What’s more—someone (anyone) can be both worker and surplus at the same time. Until 2020, “essential worker” was an obscure administrative term that the Department of Homeland Security used to refer to workers in sectors and occupations (like health care or the power grid) crucial to national public health and safety. At the beginning of the pandemic, for a brief moment of unity, these workers were celebrated for their bravery and resilience as they showed up to extremely hazardous jobs with very little protection. Quickly and in tempo with the relentless march of Covid normalization, this term came to encompass anyone who could be impelled (either by administrative fiat or economic desperation) to resume in-person work, who didn’t have the economic or political power to work from home—that is to say, working-class people. Many epidemiological investigations conducted since the start of the pandemic confirm that working-class people have suffered and died disproportionately.      

The work—of intubating patients, cleaning hospital rooms, delivering packages, stocking shelves, waiting tables, and staffing hotels so that organizations that booked in-person conferences pre-2020 don’t lose huge amounts of money—is so essential that it must not go undone. The workers, however, are treated curiously like surplus in the context of unchecked viral spread: exploited as usual, and abandoned to constant exposure to potentially debilitating or lethal harm. As Adler-Bolton and Vierkant argue, and many have said—in the world post-2020, we are all surplus. This realization has explosive political potential in that the very necessity of surplus populations to industrial capitalism carries within it both the threat and promise of refusal.
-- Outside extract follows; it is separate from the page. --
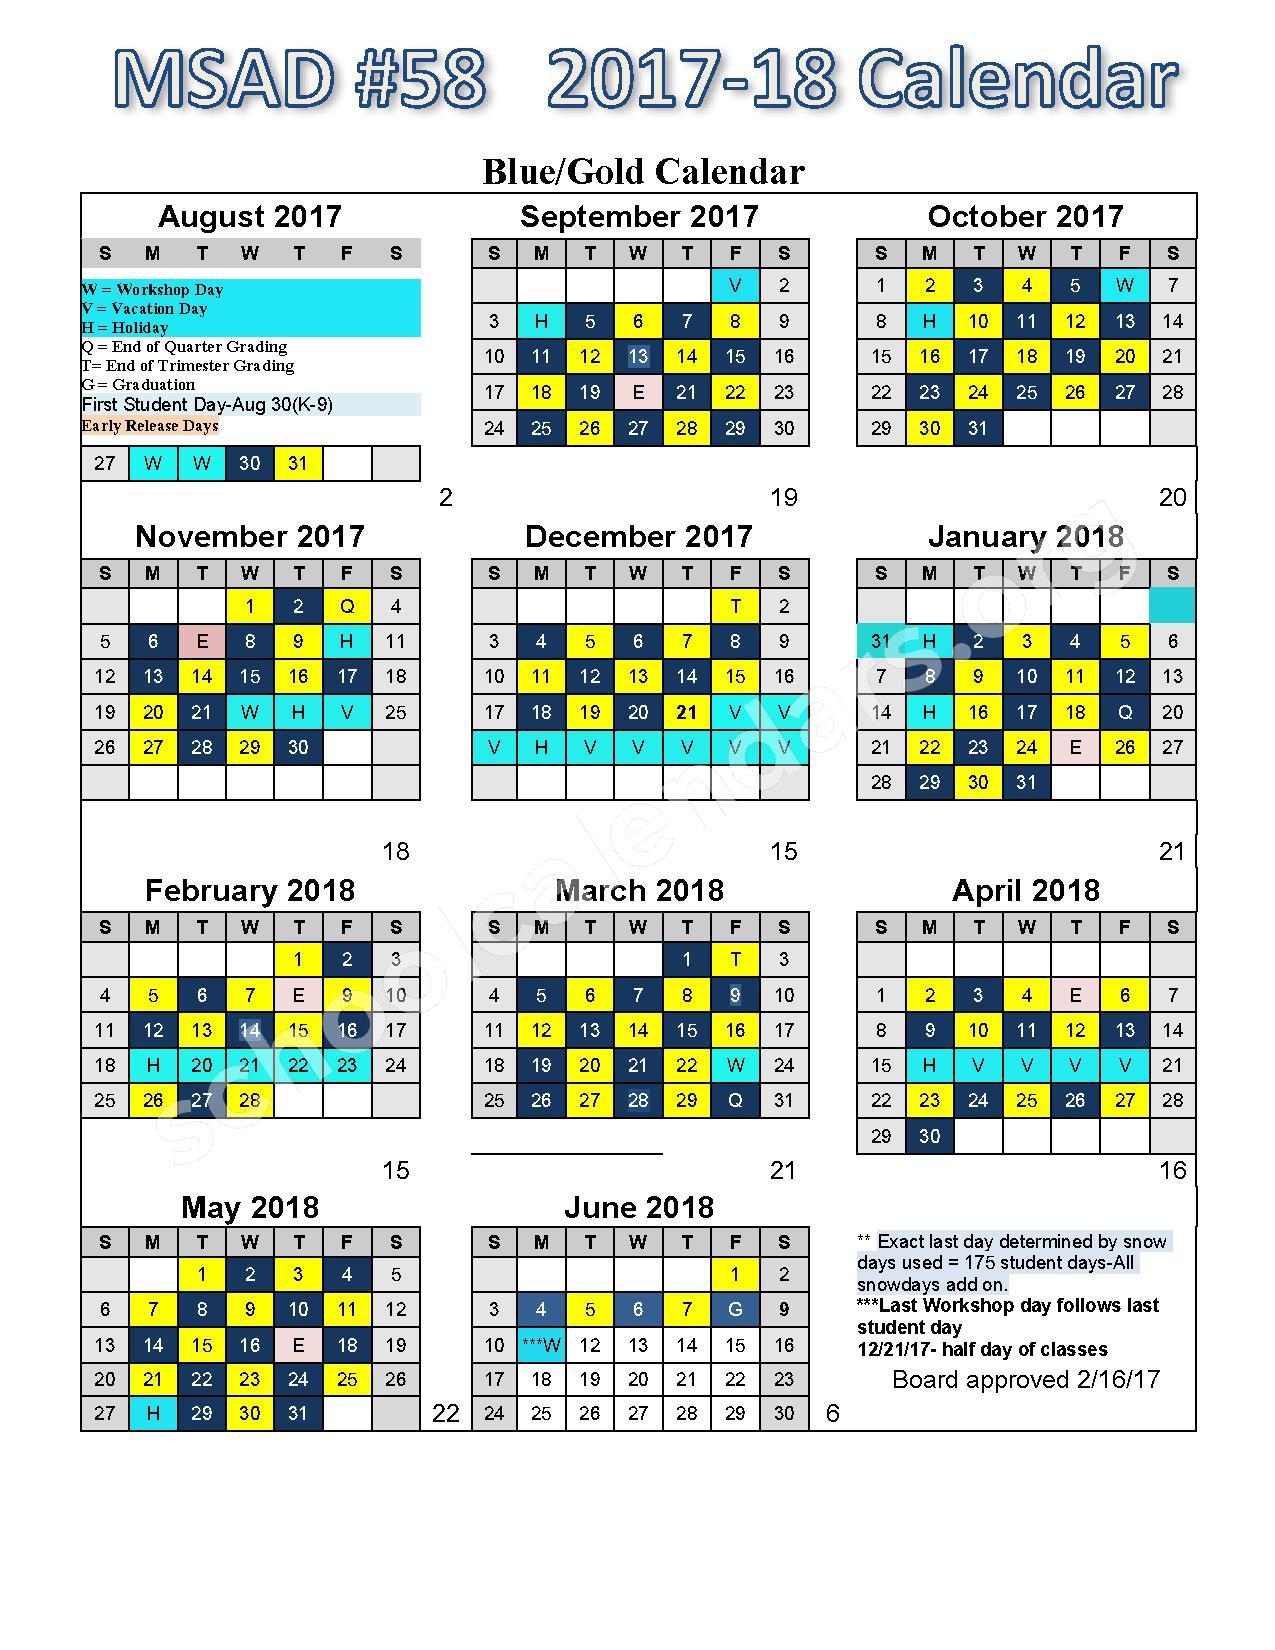 2017 - 2018 School Calendar – RSU 58/MSAD 58 - Kingfield, Avon, Strong – page 1

This revolutionary potential is treated in the latter chapters of Health Communism, which are devoted to one of the first and most comprehensive English-language accounts of the radical German patients’ group Sozialistisches Patientenkollektiv, or SPK. The work of SPK is the other major influence on Health Communism in both theory (“under capitalism, not all of us are sick, but none of us are well”) and practice. The title alone of the SPK pamphlet Aus der Krankheit eine Waffe machen (“make illness into a weapon”) neatly encapsulates the core argument and core purpose of Health Communism. The carpal tunnel and high blood pressure of an office worker, the missing limbs and eyes of a steelworker, the administrative and financial burdens of seeking mental health treatment, or the constellation of long-Covid symptoms affecting people from all walks of life are all evidence that, as literary critic Terry Eagleton has put it, “capitalism plunders the sensuality of the body.”

They also demarcate a class—the surplus class—with the collective power to create serious political problems and opportunities that, for example, the Biden administration has not reckoned with. Experiencing symptoms of long Covid is a problem for individual people; four million people unable to work because of symptoms of long Covid is a political and economic crisis for the government, whichever party holds it.

Mapping the connections between health, debility, and sickness is akin to a consciousness-raising activity, crucial to building the type of solidarity it will take to realize Adler-Bolton and Vierkant’s goal of “all care for all people.” Health Communism is, most fundamentally, a call for a new and expansive concept of health as a commons, a collective experience, and a collective commitment to human flourishing, freed from the ideological and financial strictures of market discipline.

In 1999, 15 years after it closed, the Dixmont property was acquired by a private family partnership. In 2005, that partnership sold the property to developers, with plans to turn the site into a shopping center with a Walmart Supercenter as the anchor. By the following year, the buildings had been demolished in preparation for the redevelopment and then, two years later, the hillside on which the property sits shrugged up and gave way in a massive landslide that temporarily covered the highway below. Walmart abandoned the plans, suing the other developers to try to recover some of its costs on its way out. All that remains today is a fenced-off section of denuded hillside, and the Dixmont cemetery.

*This article has been updated to note that the writer is a co-host of the Death Panel podcast.